### Task item
How many lines below contain the string "Dress"? Reply with the figure and no further words.

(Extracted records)
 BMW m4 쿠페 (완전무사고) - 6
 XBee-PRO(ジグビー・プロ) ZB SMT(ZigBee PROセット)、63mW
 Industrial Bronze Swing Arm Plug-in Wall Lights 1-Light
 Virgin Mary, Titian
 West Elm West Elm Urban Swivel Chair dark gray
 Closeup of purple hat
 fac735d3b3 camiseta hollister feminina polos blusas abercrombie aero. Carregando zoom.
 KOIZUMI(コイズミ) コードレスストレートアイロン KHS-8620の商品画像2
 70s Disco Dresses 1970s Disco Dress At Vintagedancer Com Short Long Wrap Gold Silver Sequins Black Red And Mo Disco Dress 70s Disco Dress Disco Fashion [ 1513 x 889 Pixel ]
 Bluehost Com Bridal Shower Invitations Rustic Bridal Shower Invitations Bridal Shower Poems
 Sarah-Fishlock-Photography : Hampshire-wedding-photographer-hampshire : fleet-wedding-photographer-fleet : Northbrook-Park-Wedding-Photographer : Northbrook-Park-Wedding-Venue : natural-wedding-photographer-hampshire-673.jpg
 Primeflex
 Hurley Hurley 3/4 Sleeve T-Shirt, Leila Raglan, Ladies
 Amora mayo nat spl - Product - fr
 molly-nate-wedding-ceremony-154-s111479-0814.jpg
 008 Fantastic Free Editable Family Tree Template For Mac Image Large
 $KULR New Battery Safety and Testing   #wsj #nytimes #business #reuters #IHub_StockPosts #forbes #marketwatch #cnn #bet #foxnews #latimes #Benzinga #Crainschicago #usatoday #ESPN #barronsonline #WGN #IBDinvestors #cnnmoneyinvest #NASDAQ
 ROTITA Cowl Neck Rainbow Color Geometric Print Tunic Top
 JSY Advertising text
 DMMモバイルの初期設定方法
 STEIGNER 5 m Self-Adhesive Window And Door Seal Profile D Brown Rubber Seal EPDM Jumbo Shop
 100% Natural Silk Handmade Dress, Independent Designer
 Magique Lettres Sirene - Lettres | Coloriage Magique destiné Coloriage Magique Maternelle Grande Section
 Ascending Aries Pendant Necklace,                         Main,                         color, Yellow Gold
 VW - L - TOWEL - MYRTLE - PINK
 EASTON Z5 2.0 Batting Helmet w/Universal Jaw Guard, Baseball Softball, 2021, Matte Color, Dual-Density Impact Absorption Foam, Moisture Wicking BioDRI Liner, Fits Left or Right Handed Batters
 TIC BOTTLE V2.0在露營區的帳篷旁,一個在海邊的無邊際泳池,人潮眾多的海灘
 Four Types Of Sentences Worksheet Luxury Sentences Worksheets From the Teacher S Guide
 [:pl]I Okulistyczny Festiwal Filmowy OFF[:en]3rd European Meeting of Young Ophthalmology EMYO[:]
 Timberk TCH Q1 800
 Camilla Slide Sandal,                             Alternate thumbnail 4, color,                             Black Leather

### Solved exercise
2